Start of Records supplied

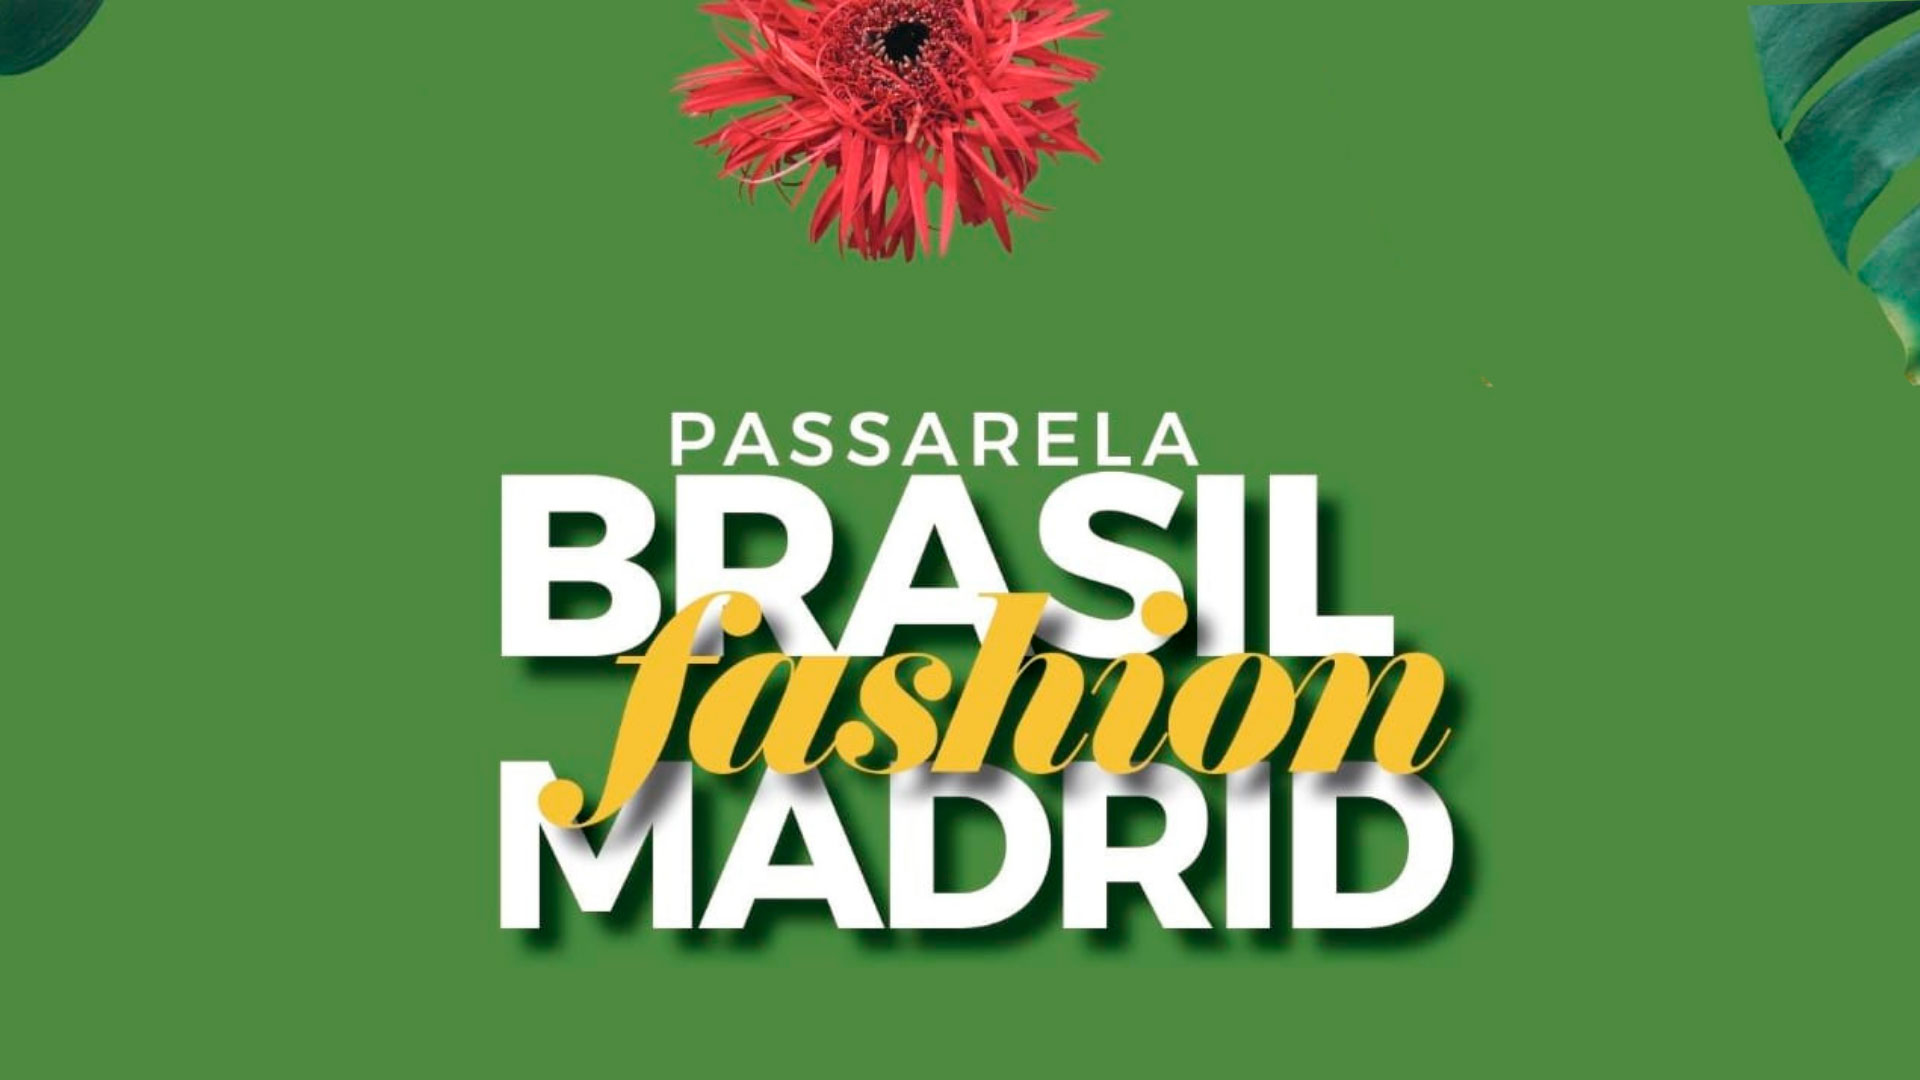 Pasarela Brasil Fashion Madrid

End of Records supplied
Start of Records supplied

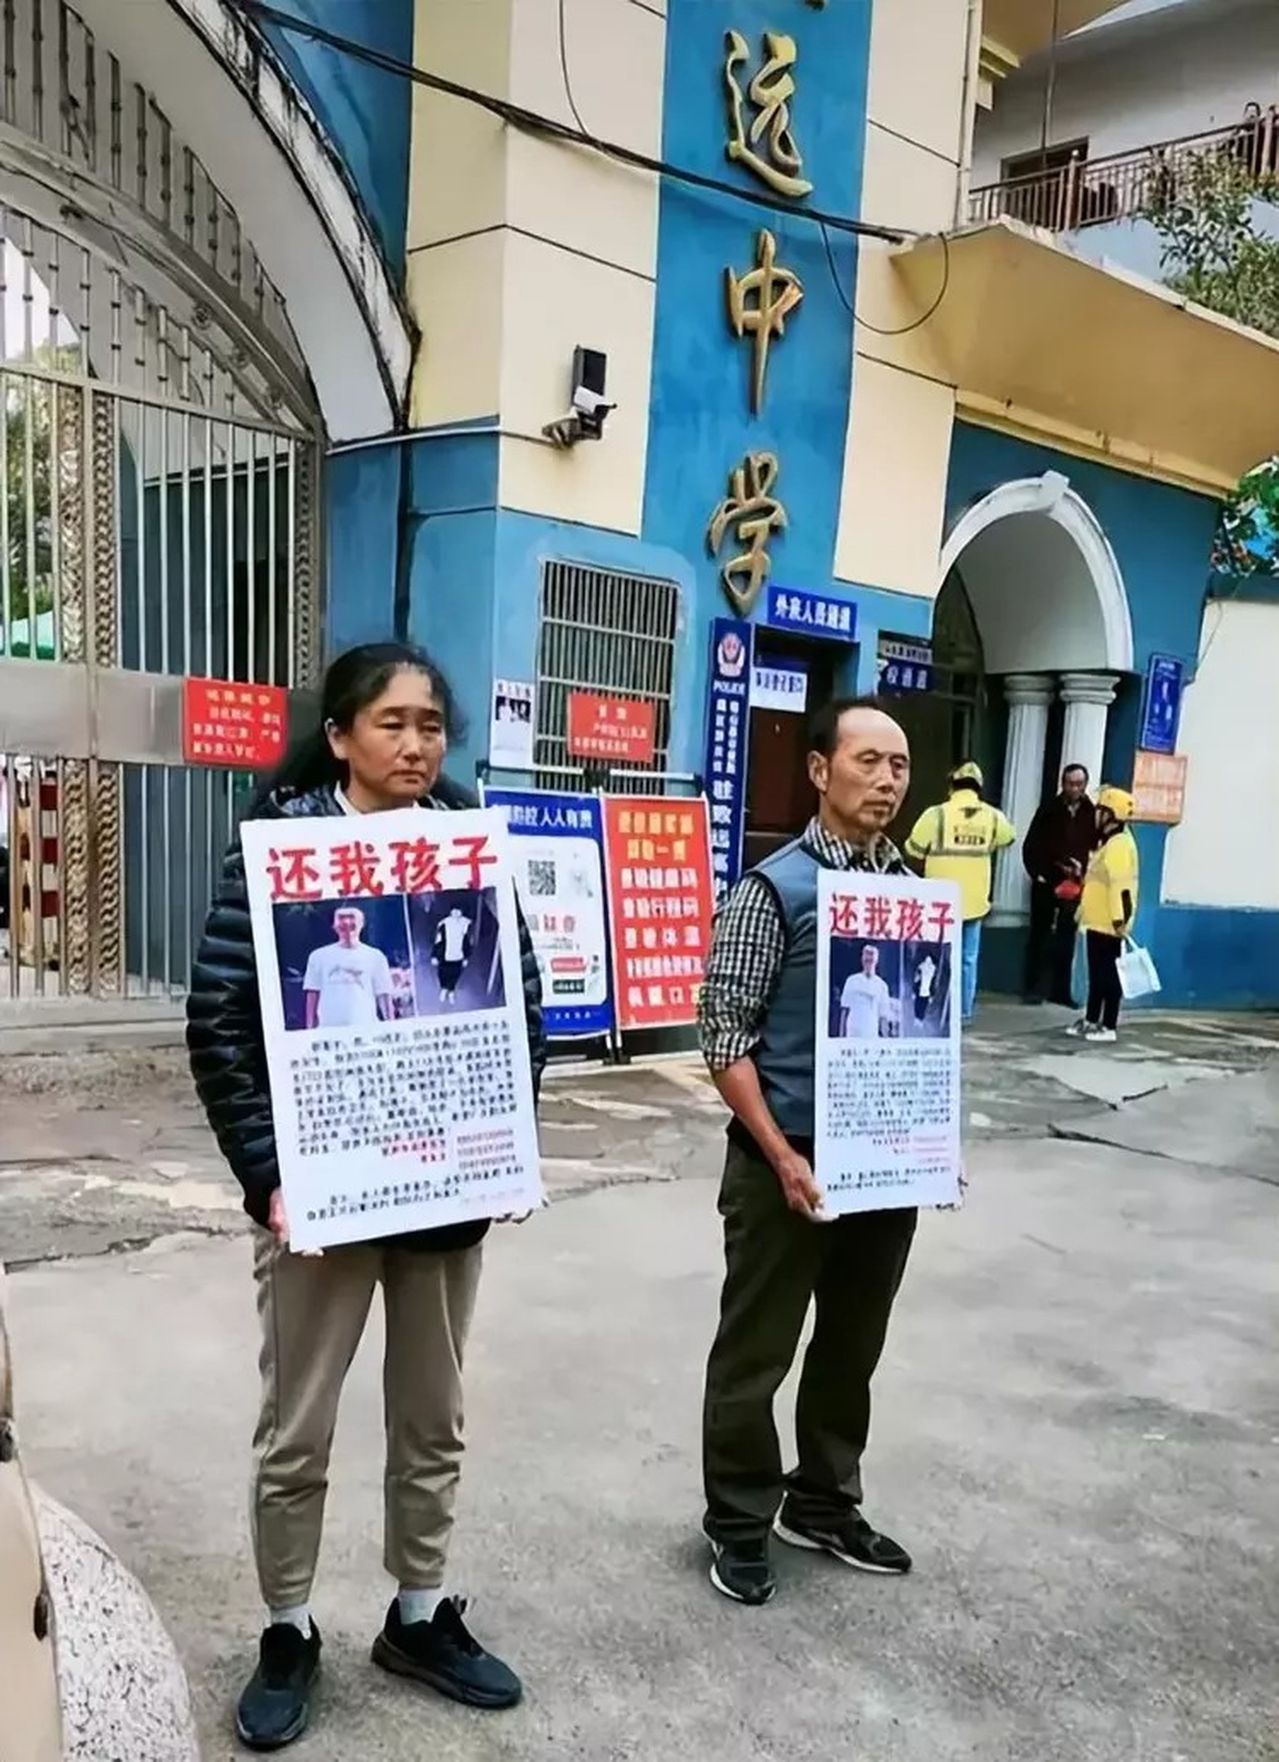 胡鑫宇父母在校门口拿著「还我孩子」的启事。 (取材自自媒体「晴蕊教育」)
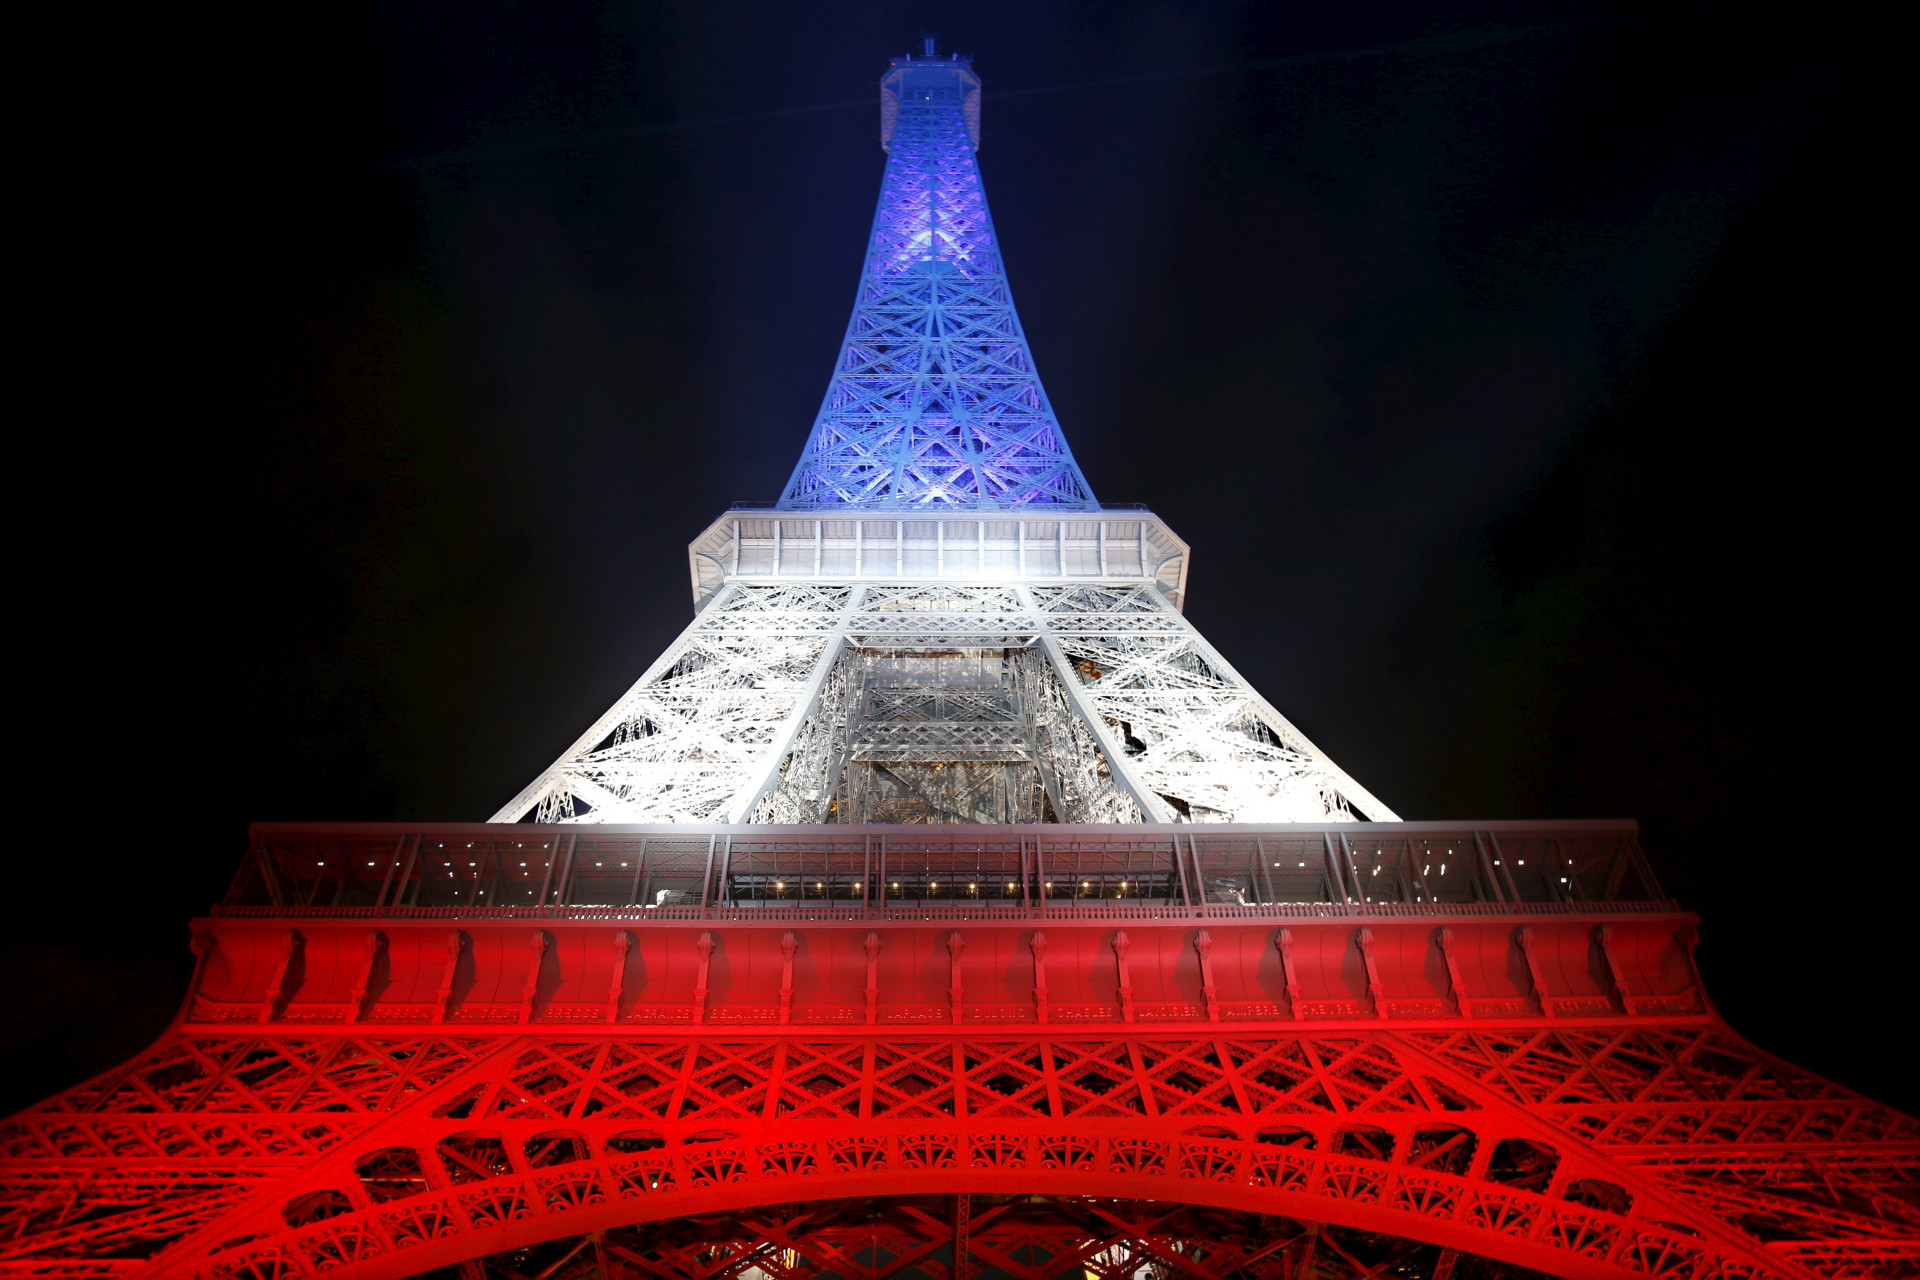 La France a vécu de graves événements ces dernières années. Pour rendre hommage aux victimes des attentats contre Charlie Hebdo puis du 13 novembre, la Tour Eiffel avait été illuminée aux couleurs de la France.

End of Records supplied

Exercise description: Taking the material above, give again exactly the lines from the one holding "胡鑫宇父母在校门口拿著「还我孩子」的启事。 (取材自自媒体「晴蕊教育」)" through the one holding "La France a", with both ends and without pictures.

Finished exercise:
 胡鑫宇父母在校门口拿著「还我孩子」的启事。 (取材自自媒体「晴蕊教育」)
 La France a vécu de graves événements ces dernières années. Pour rendre hommage aux victimes des attentats contre Charlie Hebdo puis du 13 novembre, la Tour Eiffel avait été illuminée aux couleurs de la France.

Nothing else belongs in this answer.